Book Review: The Invisible Gorilla: And Other Ways Our Intuitions Deceive Us by Christopher Chabris and Daniel Simons
Review by Bruce Bower
By Science News
People wearing gorilla suits don’t always stand out in a crowd. When volunteers were asked to count the number of ball passes made by a basketball team in a video, half never noticed a gorilla-suited intruder walking across the court doing chest thumps.
That experiment, conducted by psychologists Chabris and Simons in 1999, launches their book about the dangers of trusting one’s intuitive assumptions, unsullied by rational deliberations, of how the mind works. Invisible gorillas are an example of what the authors call “the illusion of attention,” in which people miss objects because their attention is focused tightly elsewhere.
Other mental illusions get similarly assessed. Studies show that personal memories, such as how and where one learned of 9/11, change over time. Even vivid memories that seem true to life can be distorted or entirely false, the authors say. Other evidence indicates that people overestimate their skills and abilities, from competitive chess players to American Idol contestants. And people regularly think that they know more than they do, resulting in disastrous financial investments and other catastrophes, Chabris and Simons note.

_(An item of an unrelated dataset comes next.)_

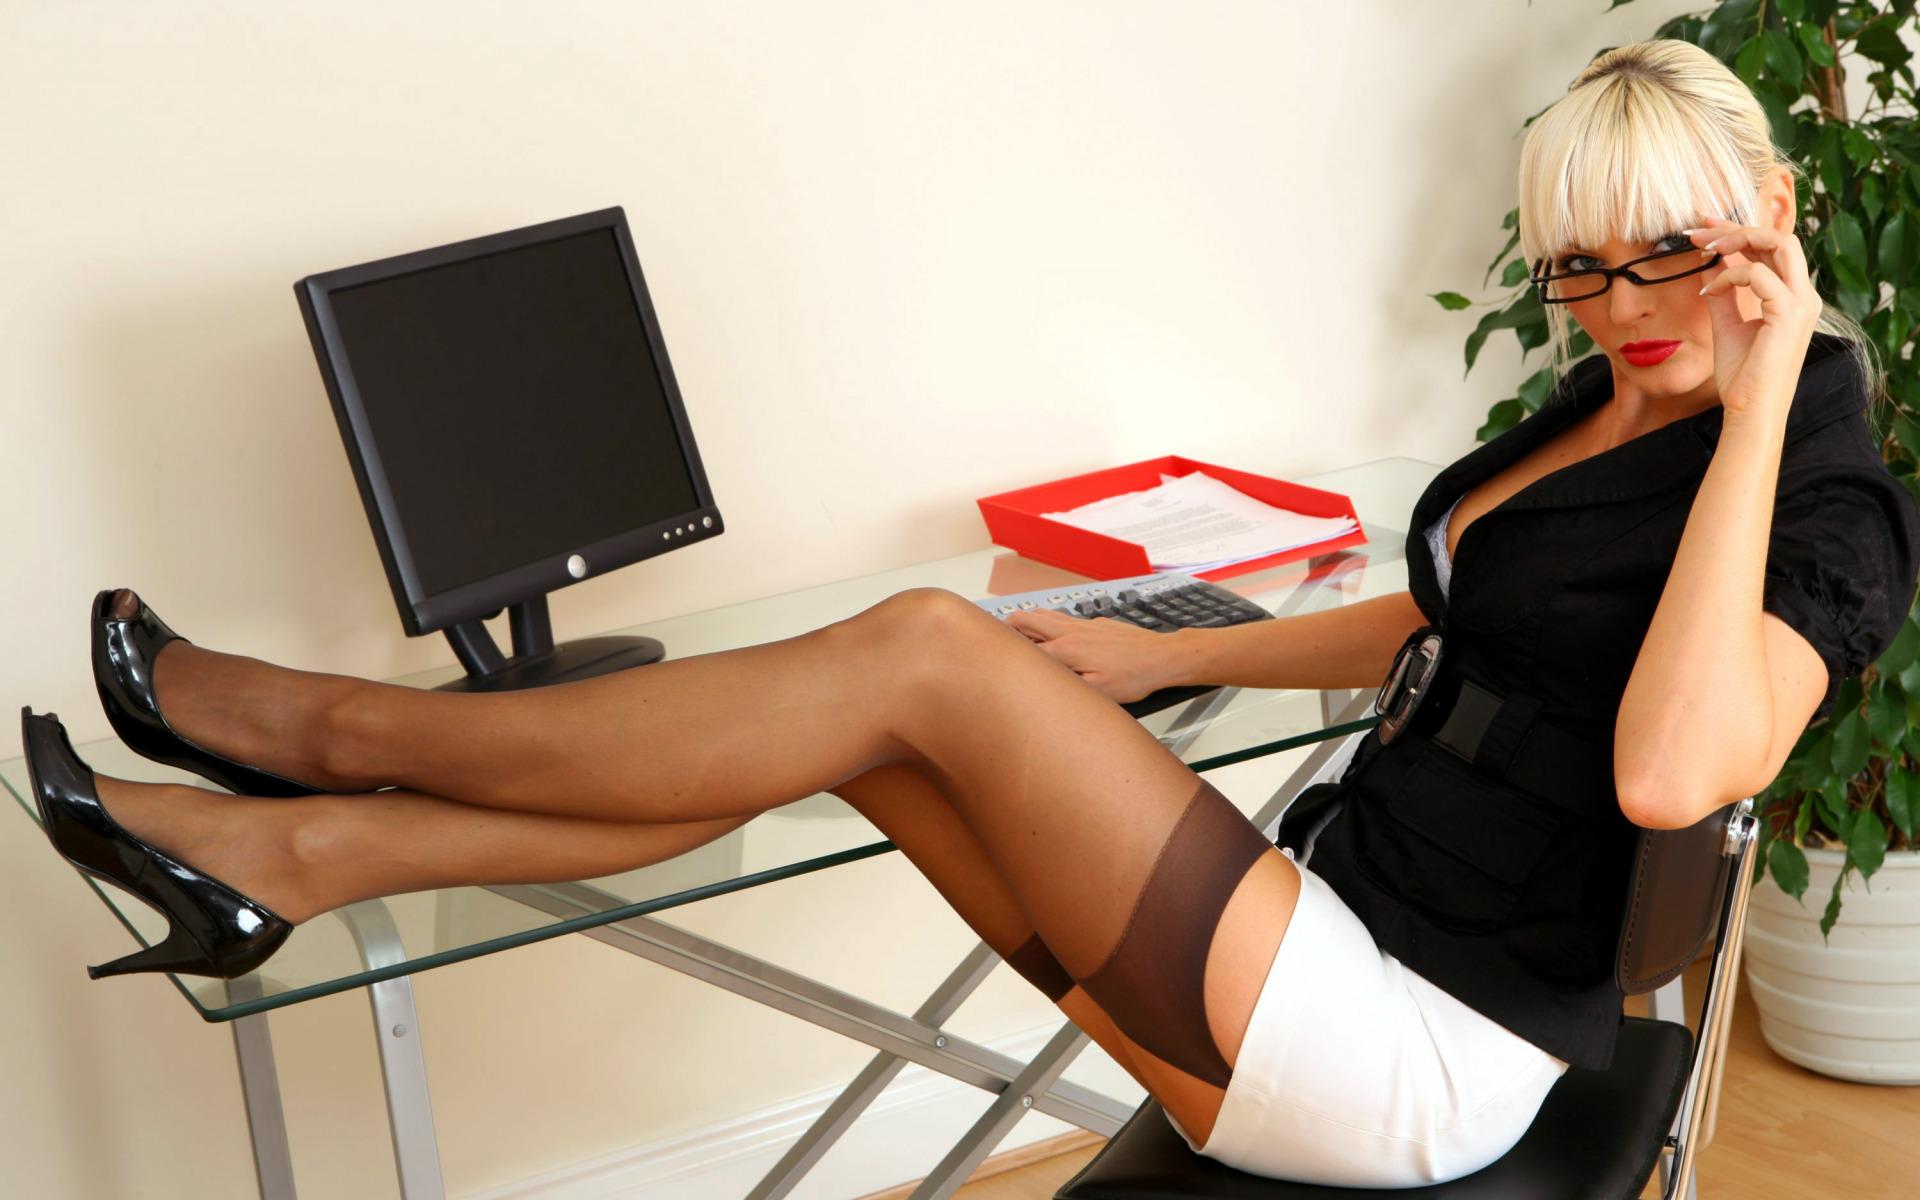 Фото на работе под столом, Девушка в чулках мастурбирует на работе под столом 12 фотография

The authors belong to a psychological school of thought that celebrates methodical, rational analysis over rapid, intuitive decision making. They say little about research that has revealed intuition’s strengths, such as its ability to aid firefighters, pilots and other professionals in making critical decisions under time pressure. Nor do the authors address the possibility that experimentally induced mental illusions stem from thinking strategies that are generally useful, just as optical illusions stem from a largely effective visual system.
Still, the book, unlike the fake gorilla, will not go unnoticed.
Crown Publishing, 2010, 306 p., $27.